■ ACTION ITEM ■
Leaving the pictures aside, transcribe every line below exactly.

■ THE DATA ■
□ □ □ □
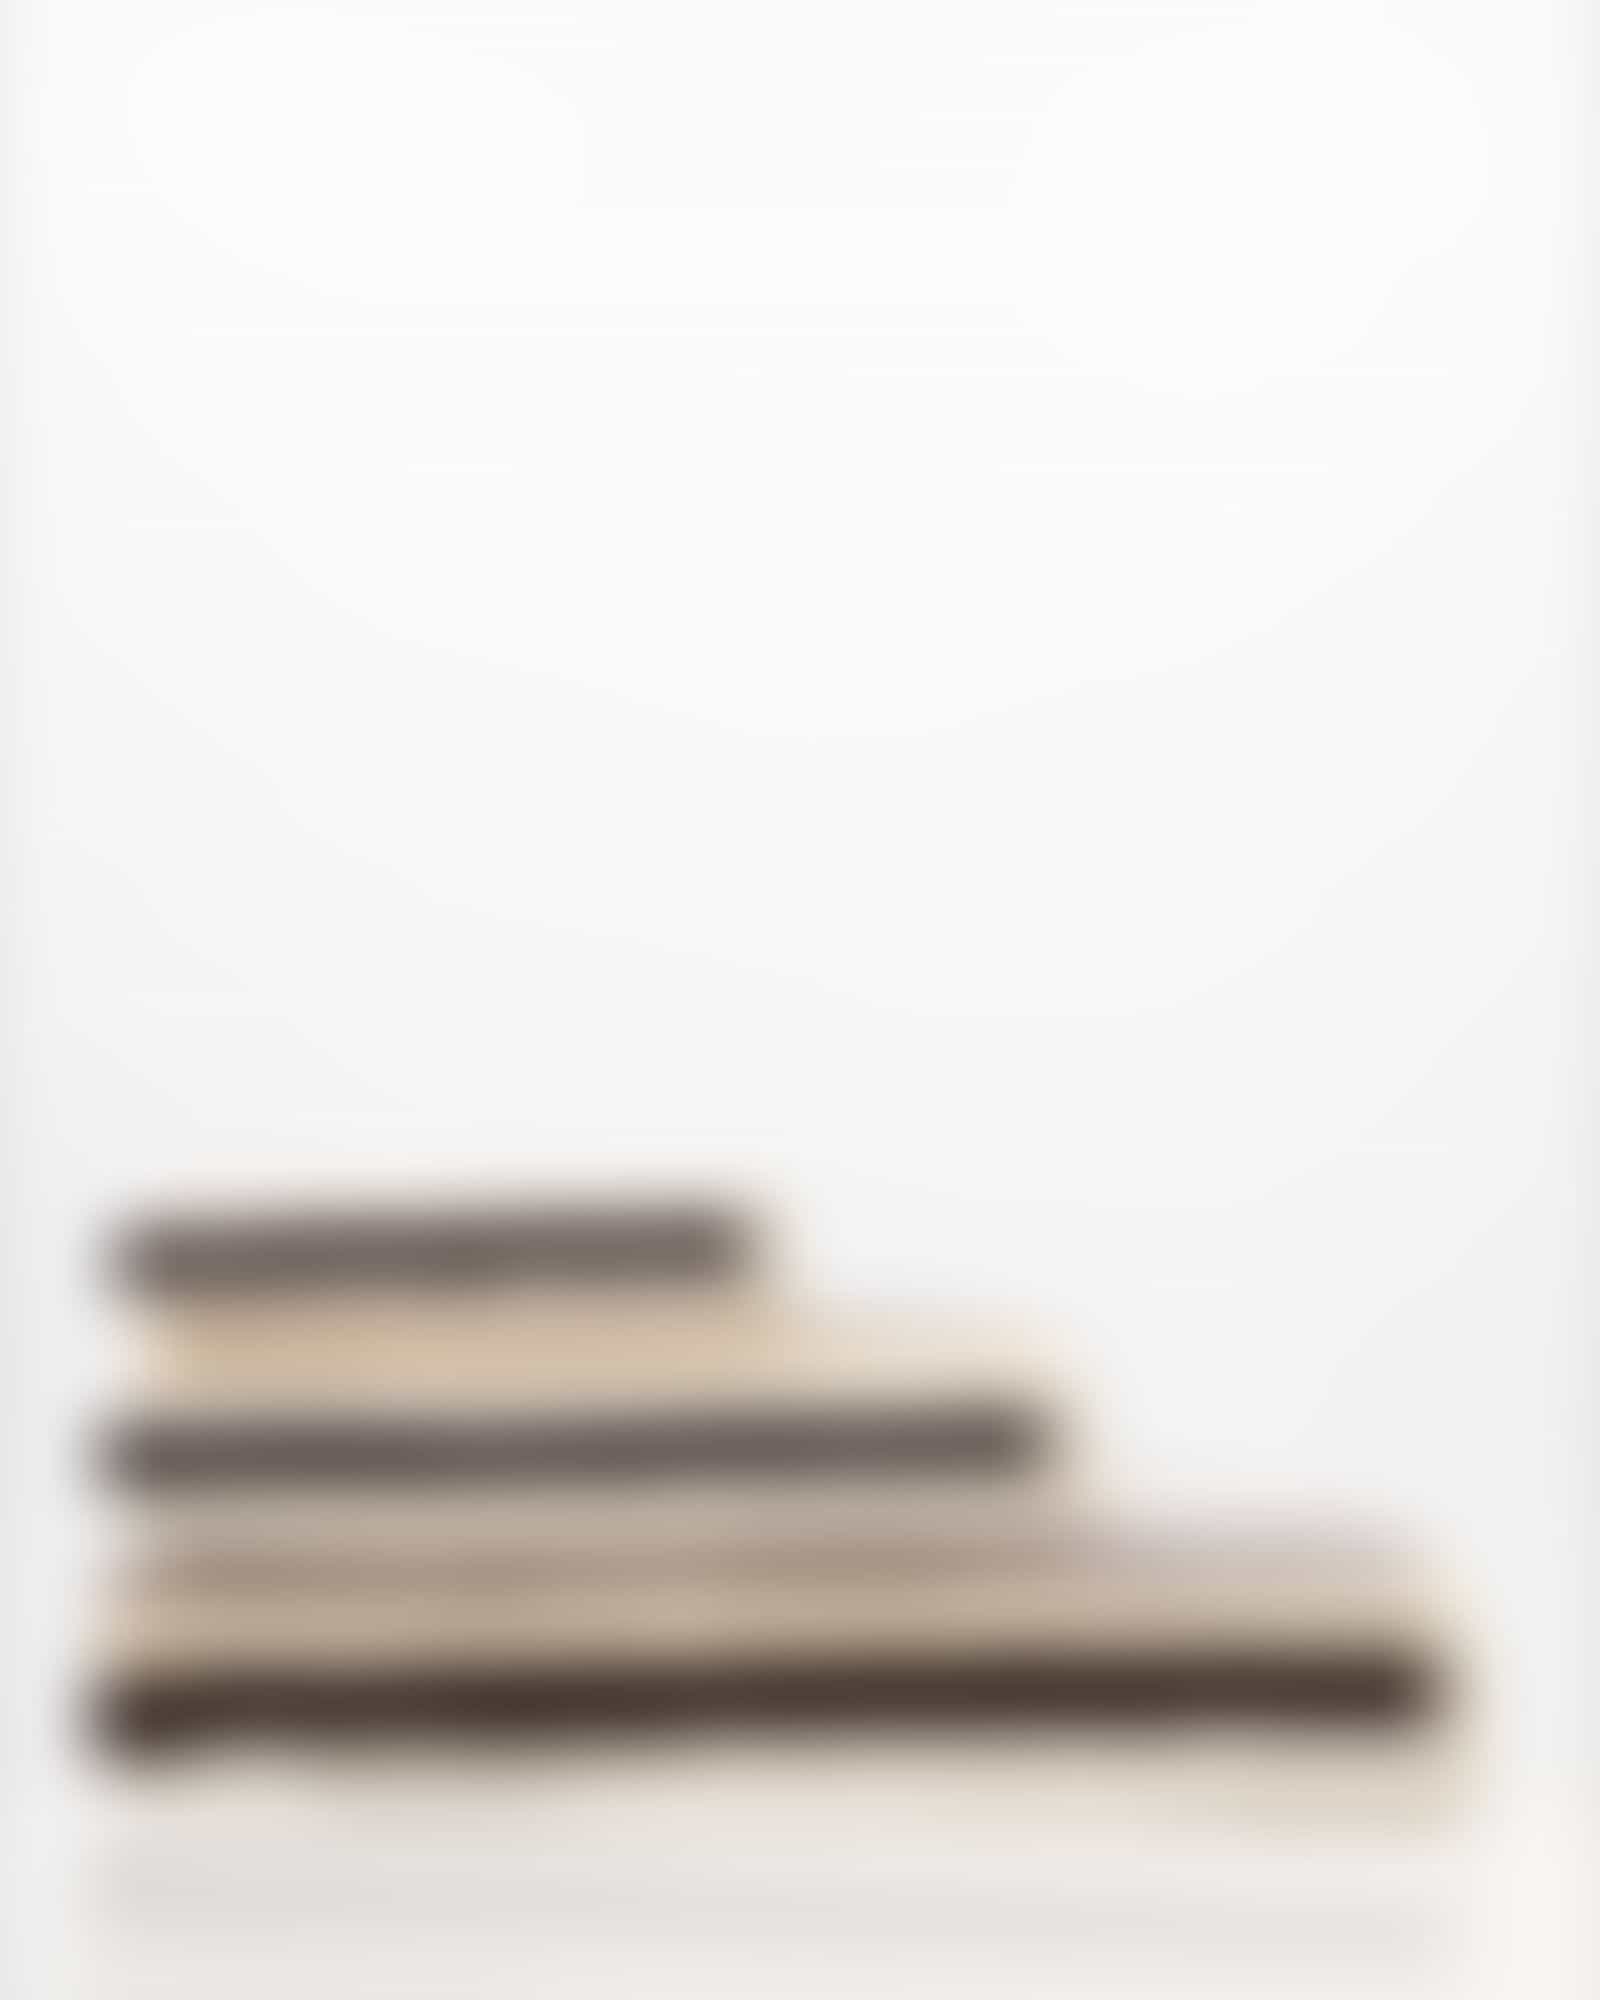 Cawö Handtücher Shades Streifen 6235 - Farbe: sand - 33 - Gästetuch 30x50 cm
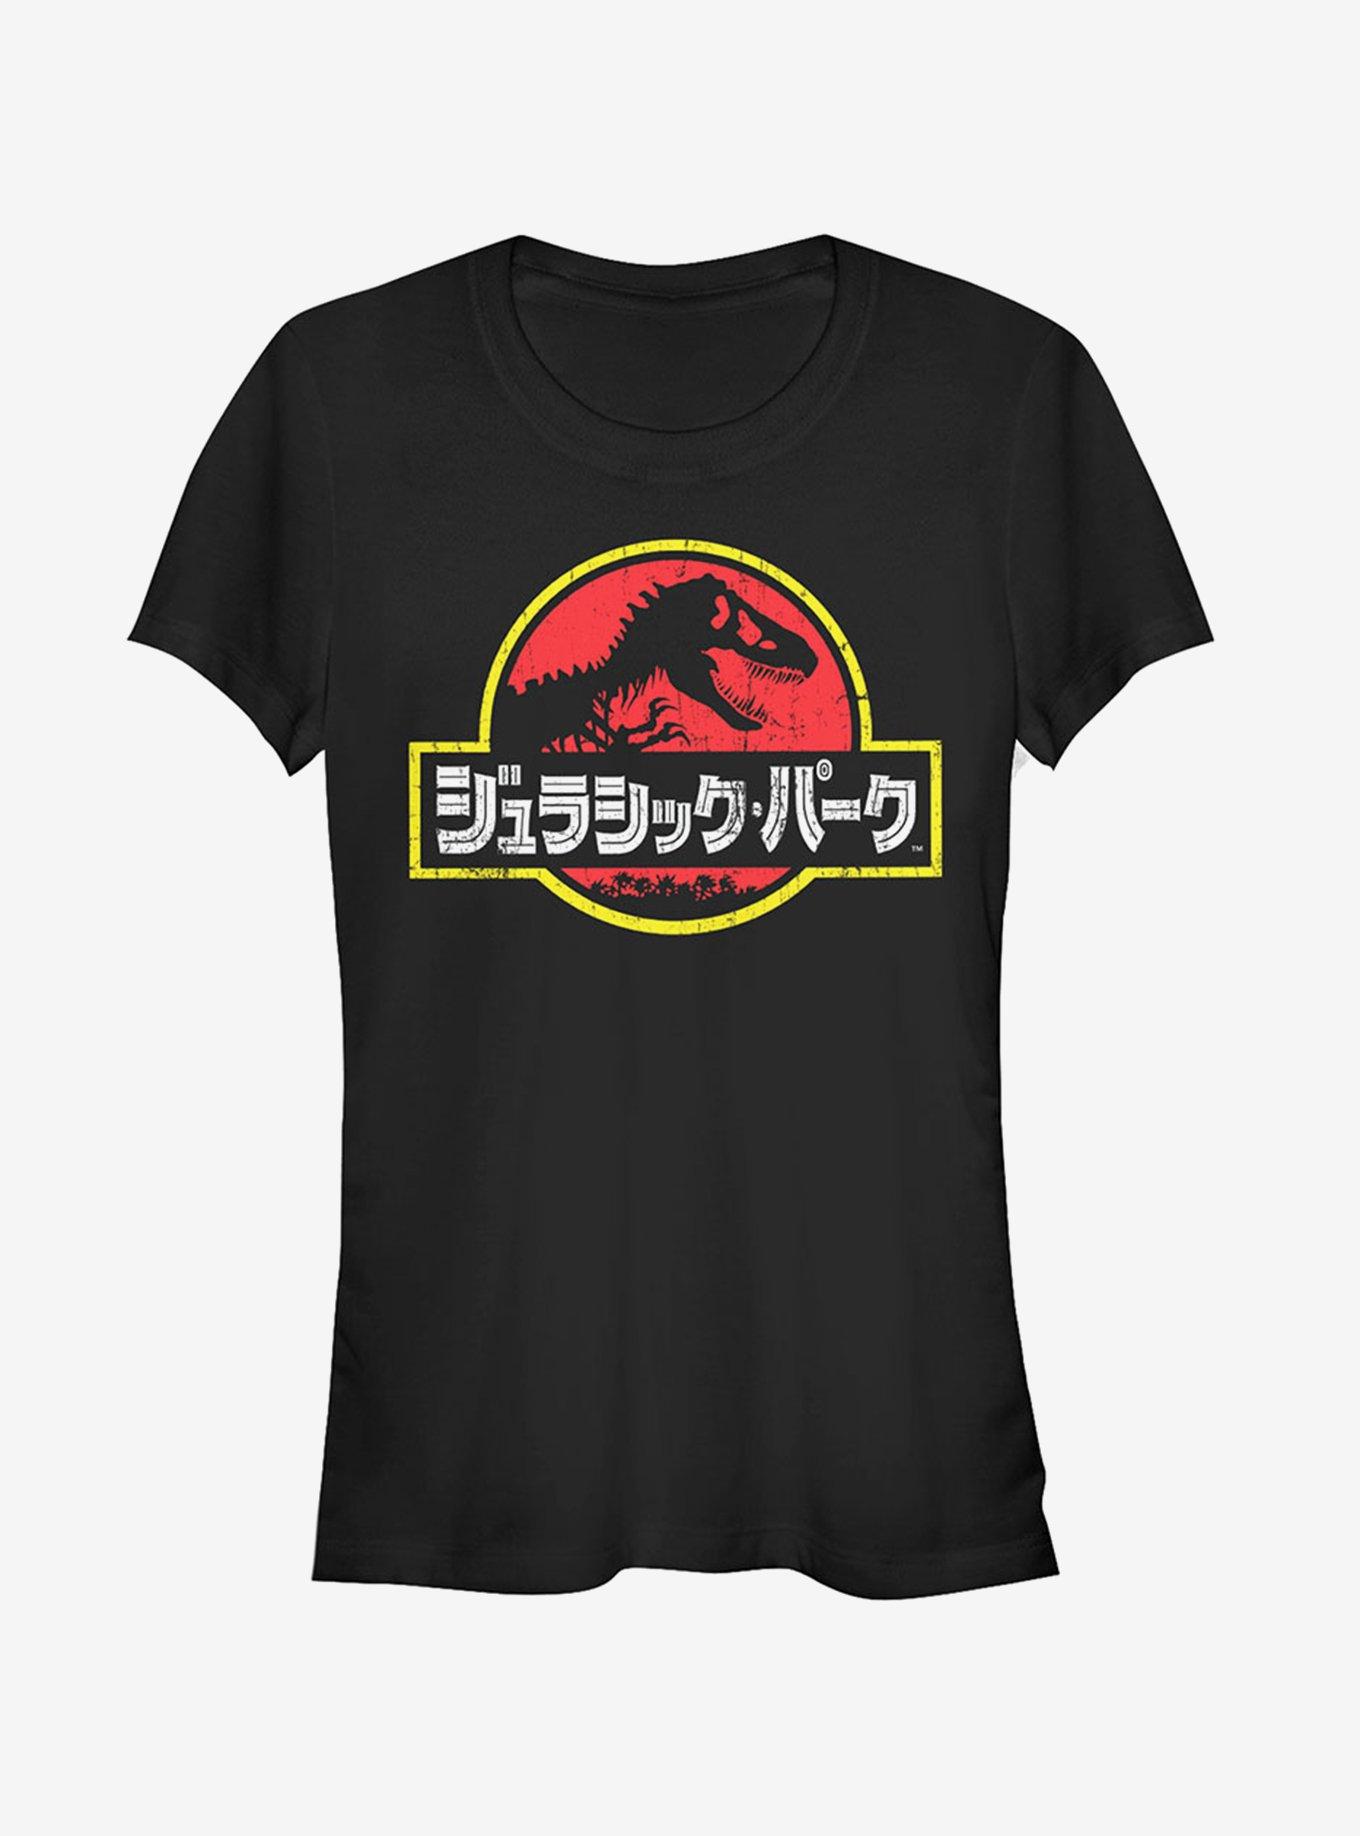 Jurassic Park Japanese Text Logo Girls T-Shirt, BLACK, hi-res
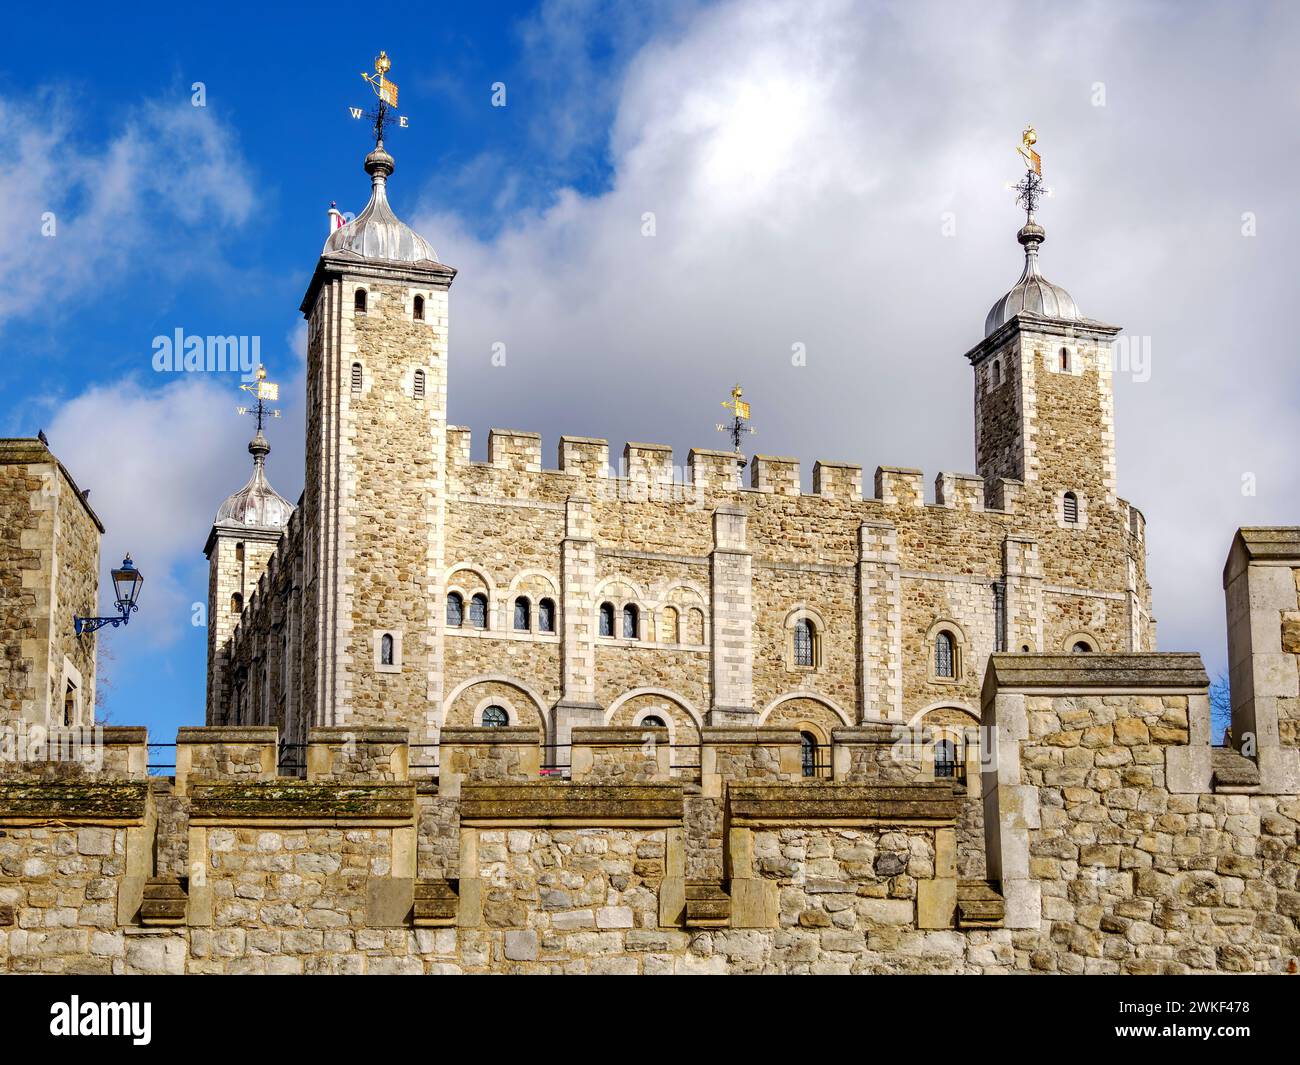 La Torre Bianca della Torre di Londra, costruita da Guglielmo il Conquistatore poco dopo l'invasione normanna nel 1087 Foto Stock
□ □ □ □
■ EXPECTED ANSWER ■
 Cawö Handtücher Shades Streifen 6235 - Farbe: sand - 33 - Gästetuch 30x50 cm
 Jurassic Park Japanese Text Logo Girls T-Shirt, BLACK, hi-res
 La Torre Bianca della Torre di Londra, costruita da Guglielmo il Conquistatore poco dopo l'invasione normanna nel 1087 Foto Stock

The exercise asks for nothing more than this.